By Nathan Johnson & Austin LaRoche
Blockchain could be the foundation for the next generation of digital applications, but that day may still be relatively far off. Still, the implications are too significant to ignore. Blockchain is likely here to stay, so its relevance will only grow with time. Now is the time to sit up and start observing what’s happening.
First, a lay of the land – how could we envision our current position on a timeline for blockchain’s progress from idea to full-scale adoption? Such a timeline can’t be gauged solely by incremental technical improvements, though these will play a role in “greasing the wheels” of widespread adoption. But what if we consider blockchain from the perspective of social dynamics? Transformative social changes, particularly those with far-reaching effects into the future, typically follow a progression of six steps. Whether the rise of a new religion, a political movement, or simply the disbursement of an idea, these are the basic markers for its advancement from grassroots to mainstream.

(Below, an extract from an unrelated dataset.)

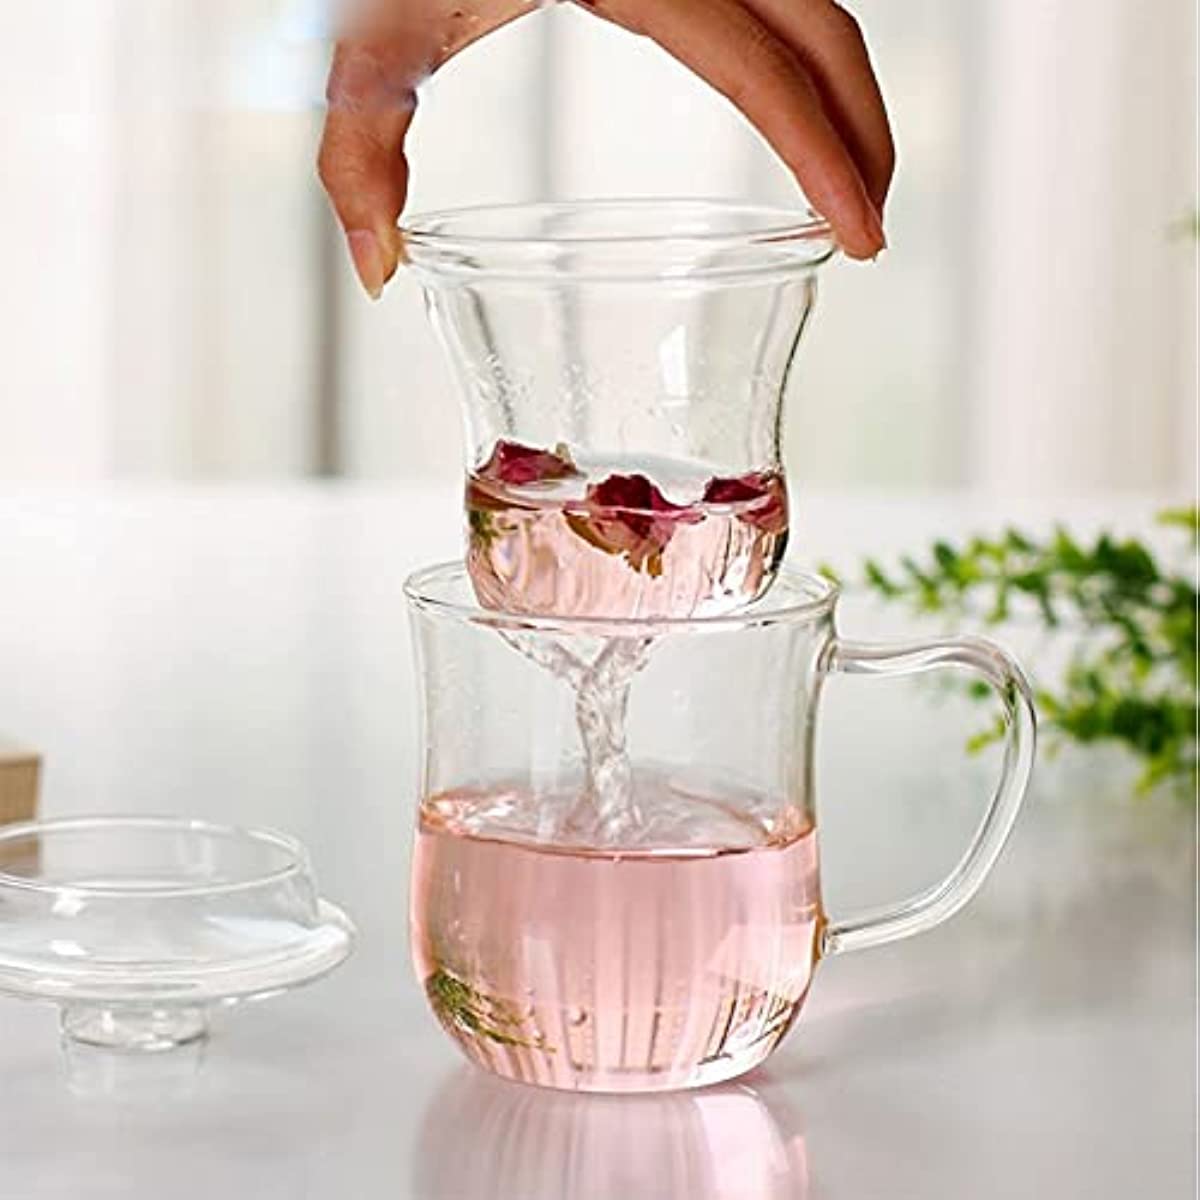 400ml Thickened Glass Tea Mug with Lid and Infuser, Transparent Heat-resistant High Borosilicate Glass Flower Tea Cup Office Milk Cups Coffee Mugs (400ml)

EVOLUTIONARY PHASES OF TRANSFORMATIVE CHANGES
1. A movement begins with the emergence of a “prophet.” Whether an individual or collective around the same time, these are the notable first proponents of an idea.
2. The work begun by the “prophet” observes growth in early adopters or “disciples.” The movement is still mostly a fringe interest at best, met with skepticism by most.
3. By the third stage, a movement has gained its “clergy.” This is a more substantial following taking shape as an organized body of thought and effort, with an increase in interest and involvement from previously unaffiliated groups or persons.
4. Stages 4 and 5 are tiers for political bodies’ recognizing or taking notice of the growing effort. Stage 4 is the initial introduction of an idea to state-level thinking, typically characterized by some early legislation. This could be restrictive legislation, but other cases may demonstrate a early legislation designed to test the waters to outright adoption within existing infrastructure.
5. The fifth stage, government sponsorship, is where a government, perhaps at the level of a single state, fully embraces a movement.
6. A transformative change reaches the peak of its evolution in the sixth stage, with widespread community, government, and even global acceptance of its tenets.
This model can be seen functioning in several otherwise-dissimilar historical contexts. For instance, in the landscape of US historical changes, the Civil Rights Movement and the push to legalize recreational cannabis don’t have many aspects in common, but this framework would reveal a similar process for them both to go from an unacknowledged position to changing reality as we know it.
If this framework were applied to blockchain’s advancement, Satoshi could be considered the “prophet” who started it all, followed by the “discipleship” of Bitcoin miners. Corporate advocates and startups are the beginnings of an organizational body that will continue to expand. We obviously have not reached the full-scale adoption of stage 6 yet, but some early legislating activity in Delaware and other key states means blockchain could be roughly in between stages 4 and 5.
Even if we are still several years away from blockchain’s more widespread understanding and use, we have reached a point where it seems wise to seek out opportunities to start getting involved. Organizations looking to assume a position in this conversation can consider a few key strategic questions:
1. Do you have a designated person or group within your organization leading your knowledge and participation in the blockchain discussion?
Active participation in blockchain developments will be of most value if it’s receiving the full energy and attention of a well-positioned, well-informed individual. Installing an individual leader, likely a VP-level technologist or someone similar, to own responsibility for your organization’s blockchain initiatives, can better position you for internal projects or external engagement on blockchain-related activities.
2. Are there relevant pilot projects within your industry that you can spearhead or join?
A pilot project is a limited-scale, real-world implementation of any technology or concept to improve working knowledge and explore innovative potential, typically intended to develop a tangible solution. Developing or joining a blockchain pilot project could either reveal a solution for an existing problem area in your organization or industry, or light the way to a new direction into which your organization can grow.
3. Have you attended conferences or webinars where prominent voices are speaking on the technology and its applications?
You can spend all the time you like reading about a movement or idea on the Internet, but there is no substitute for finding a community of like-minded individuals sharing in the momentum. These can be found in conferences like Blockchain Expo Global, Blockchain Summit, and World Blockchain Forum, as well as smaller scale events or online communities. Not only does participating offer insight into developing trends and possibilities with the technology, but it communicates your interest in being a future-oriented organization.
There is a level of uncertainty with all these considerations that shouldn’t be ignored. The likelihood of developments not-yet-public could cast a different light on this entire article. Conversely, any investment in a developing but promising technology carries a degree of risk. Waiting to act until everything is fully known is a safer path, to be sure, but by then the realm of speculation will have long become reality. The leaders of that reality will be the ones who took the little information available and plowed headlong into the future.